Deployment can be challenging, but it becomes more manageable with the right education or by watching a tutorial. Many data science students might find it difficult to use. They need to learn about LLMs.
Since we have learned, we can use it easily. It takes two to three hours to deploy.
It has reasonable pricing, which is six dollars per month.
Integration is very easy.
Overall, I rate the solution an eight out of ten.

We use the tool to extract data from a PDF file, give the text data to any Hugging Face model like Meta or Llama, and get the results from those models according to the prompt. It's basically like having a chat with the PDF file.
The solution is easy to use compared to other frameworks like PyTorch and TensorFlow.
Initially, I faced issues with the solution's configuration.
I have been using Hugging Face for almost two years.
Hugging Face is a stable solution.
Hugging Face is a scalable solution.
To use Hugging Face, you need to have basic knowledge of how to feed the data, how to speed data, how to train the model, and how to evaluate the model. Compared to other frameworks like PyTorch and TensorFlow, I'm more comfortable with using Hugging Face. I would recommend the solution to other users.
Overall, I rate the solution seven and a half out of ten.

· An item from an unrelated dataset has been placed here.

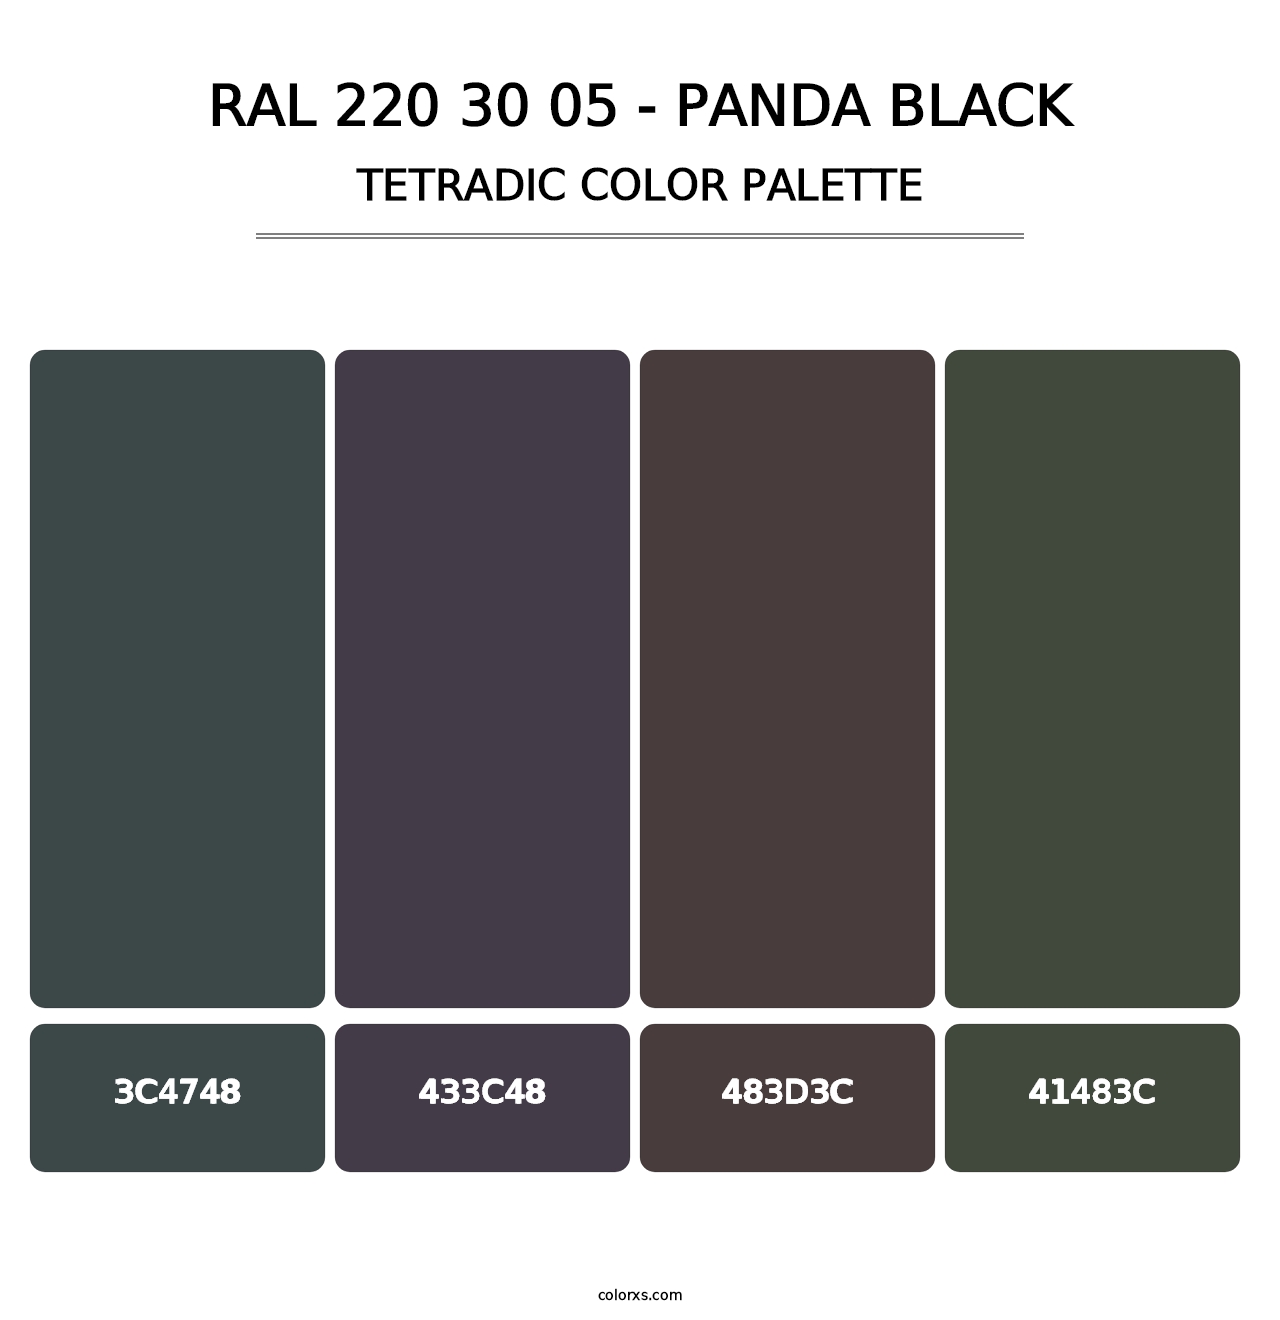 RAL 220 30 05 - Panda Black - Tetradic Color Palette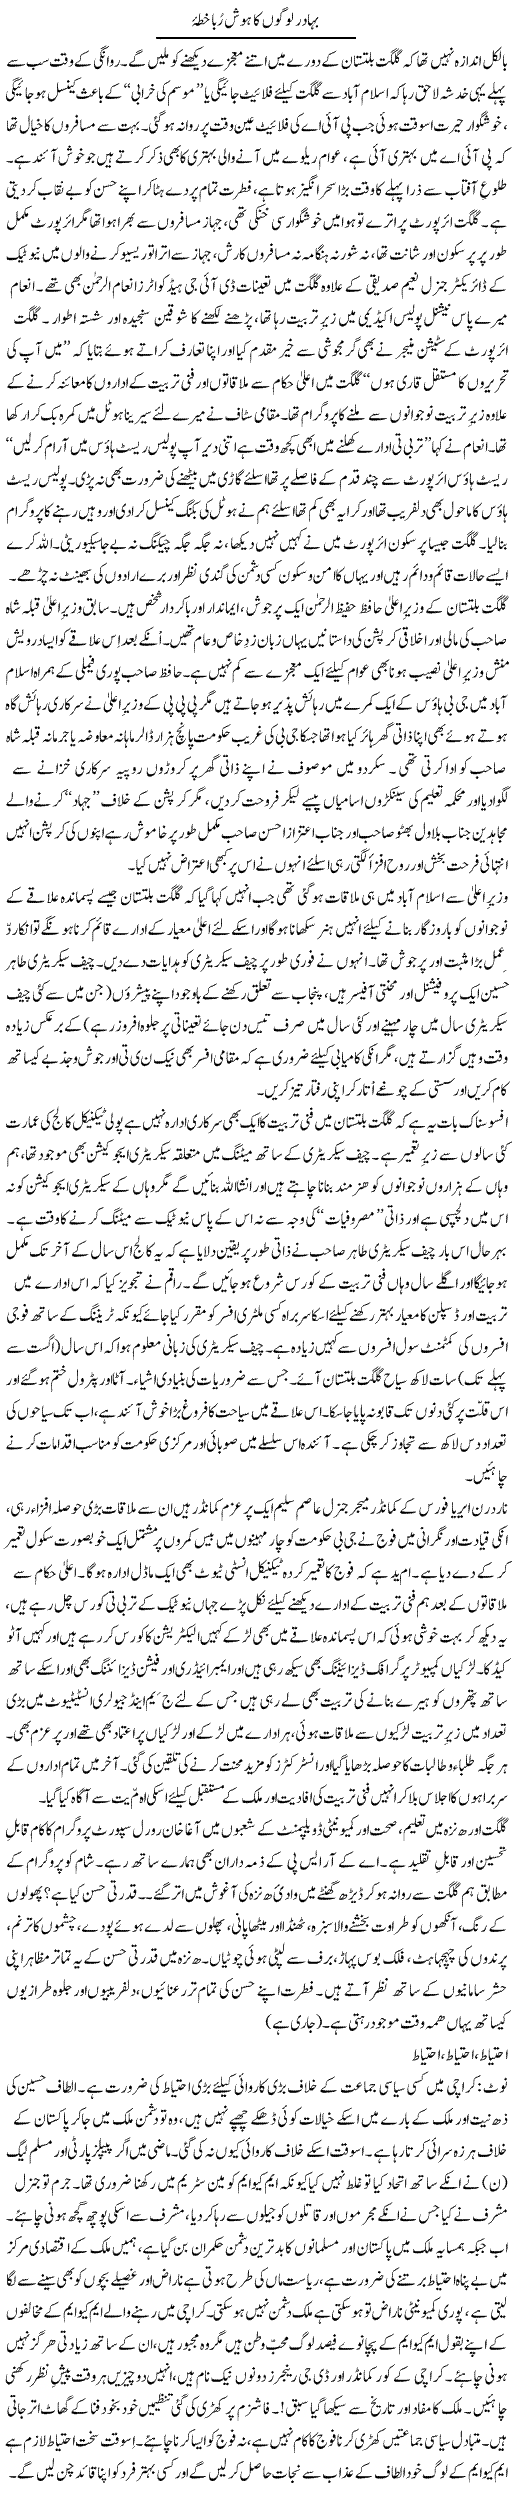 Bahadur Logon Ka Hosh Rubaa Khitta | Zulfiqar Ahmed Cheema | Daily Urdu Columns

My preferred aspects are natural language processing and question-answering. It aids us in efficiently discovering effective features and models. The ability to enlarge and tag faces has assisted me in finding effective and well-documented packages. I incorporate their favored methods and utilize various packages and formats in my work.
Implementing a cloud system to showcase historical data would be beneficial.
I have been working with it for one year and a half.
They are ever-present, consistently providing us with packages, models, and languages that are perpetually helpful and stable. I would rate it eight out of ten.
It is a scalable tool. However, it's important to reiterate that it's not the application itself but rather a means to scale up knowledge. I would rate it eight out of ten.
No setup is required; these are web servers.
There are different pricing models, with options for enterprise-level features. I recall seeing a fee of nine dollars, and there's also an enterprise option priced at twenty dollars per month.
Overall, I would rate it nine out of ten.